常連さんはその三浦和良選手のお知り合いのようで、カズ選手がブラジルに来たときの話や、夫人であるリサさんとの馴れ初め話など、本当かどうかはさておき、楽しい話をたくさんしていただきました。
ブラジルのサンパウロにある日本人街で、中学の同級生と再会する
そんな僕にとって、ブラジルで最もうれしかったことは、中学校の同級生Kちゃんと、サンパウロの地で再会したことでした。
ブラジルで生まれて、ブラジルで育った彼女は、小学生のときに日本語もわからないまま、僕が通っていた日本の田舎にある小学校に転学してきたんですね。
Kちゃんは、それから22歳くらいまでを日本で過ごし、現在はママになってブラジルで働いている、という情報を旅の途中で得てから、共通の友人を通じて連絡をとり、ここサンパウロで会えることになったんです。
ブラジルの首都であるブラジリアに住むKちゃんは、出張をいいことに、わざわざサンパウロまで足を運び、お店までやってきてくれたんですね。
そんなKちゃんと僕の関係ですが、実は小・中学と同じクラスになったこともなく、ほとんど話をした記憶もないんです。
1学年180人くらいの中学校だったので、もちろんKちゃんの顔と名前は一致していましたが、ほとんど話すキッカケもないまま中学を卒業し、ブラジルに帰っていたことも知らなかった。そんな関係性でした。
それでも、ブラジルを訪れるならば、会ってみたいと思い、連絡をとってみたんですね。
そして、ブラジルで中学校卒業以来の再会を果たした。
久しぶりに会った彼女は、以前よりもリラックスしているような柔和な表情で、スーツ姿に身を包み、大人の女性になっていました。
積もった共通の思い出はないけれど、共通の話はいくらでもあって、彼女の今も知りたいことが山ほどあった。
彼女がブラジルに戻り、愛する息子の幸せのために暮らしていることを知り、無性にうれしくなった。
彼女がブラジルに戻り、ブラジルという国で生活をすることに幸せを感じていることを知り、やっぱりうれしくなった。
彼女がすごく立派な仕事に就いて、バリバリと働き、日本語を使って働いていることに、うれしくなった。

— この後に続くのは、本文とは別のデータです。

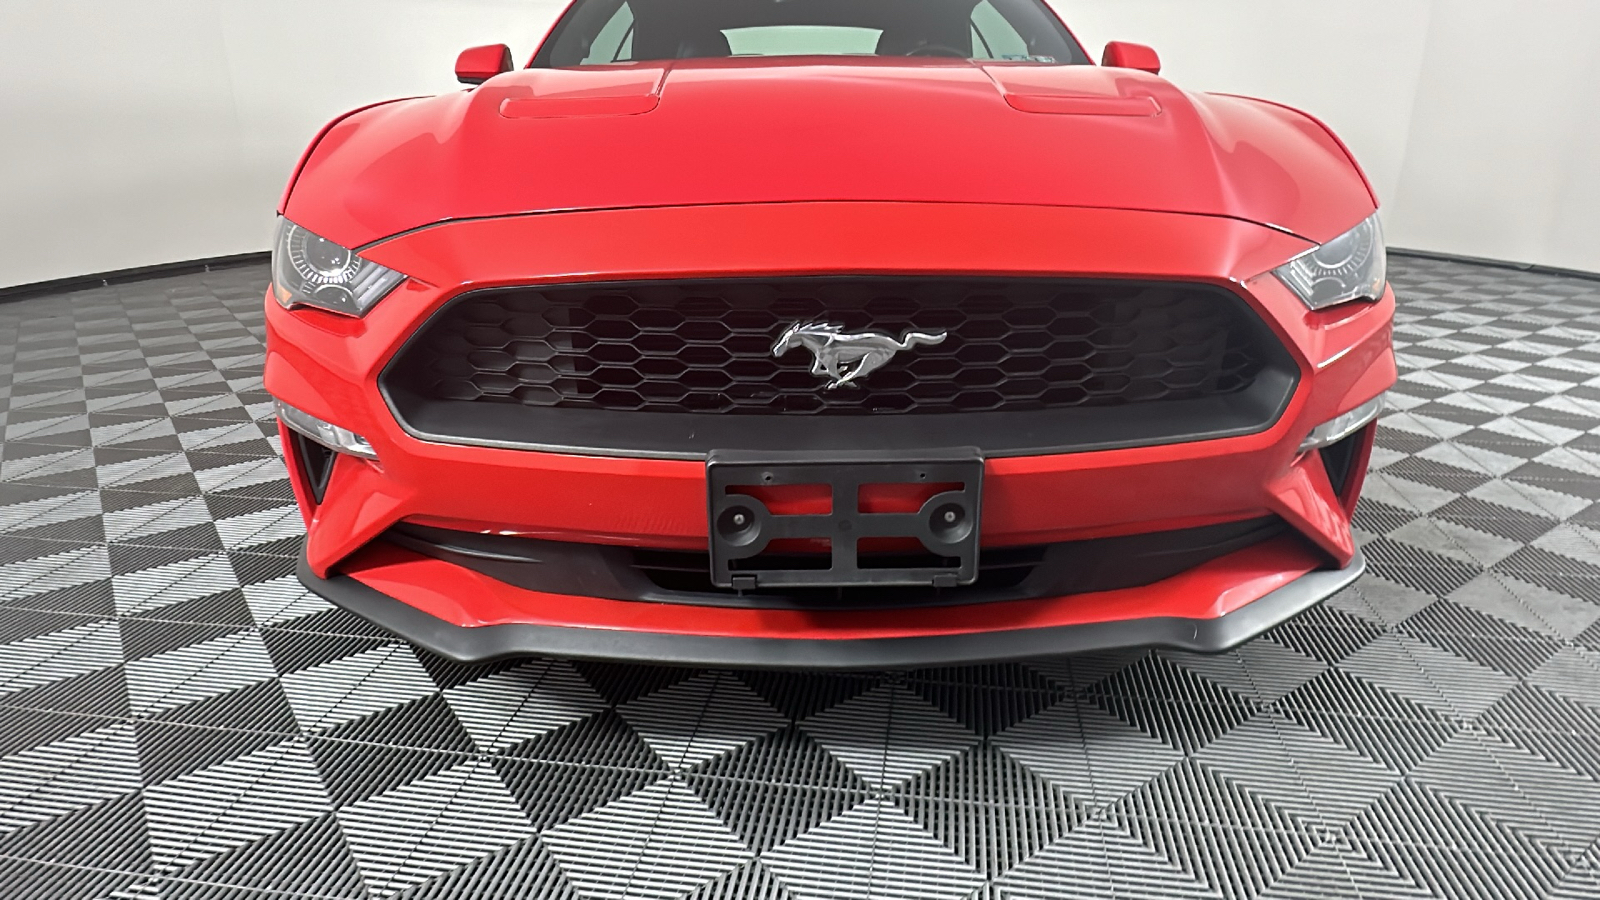 2021 Ford Mustang EcoBoost Premium 5

そろそろ夜も更けていって、帰ろうという時間になって、彼女が言ってくれた言葉を今でも覚えています。
「私は今、本当に嬉しいんだよ。
私を知っている人がブラジルまで来てくれて、私っていう存在を覚えてくれていたことに、本当にうれしいんだよ。
連絡をもらってから、ずっと楽しみにしていたんだから」
Kちゃんとブラジルで再会できて、本当によかった。
サンパウロの日本人街で再会した同級生のことを、今も時々思い出す
今も時々、Kちゃんとサンパウロで再会したときのことを思い出す。
世界一周の旅でたくさんの国を訪れ、数々の名所を見て、かけがえのない体験をした。
その中でも、Kちゃんとの再会は僕にとって、スペシャルな体験として今も時々思い出すことがある。
どうして、あの体験が強く心に残っているのだろう。
Kちゃんが住む日本とは遠く離れたサンパウロで会う喜びと、地元のイオンモールで会う喜びは、「会う」という同じ体験だとしても、きっと全く異なる。
異国で再会することの嬉しさ、そこで見たKちゃんの晴れやかな表情、自信をもって取り組んでいる仕事の姿。
全てが、強烈な体験として、今も心に残っている。
あれから10年が経った。
時々、Facebookを開くと、彼女が愛する息子の写真が投稿されていて、その成長具合に目を細めてしまう。
彼女は今日もブラジルで愛する息子と毎日を過ごしている。
仕事で日本語を話し、息子とポルトガル語で話す。
そんな彼女を、僕は日本で想像する。
僕はあのときブラジルに行って彼女と再会したことで、そんな想像をする喜びを感じることができている。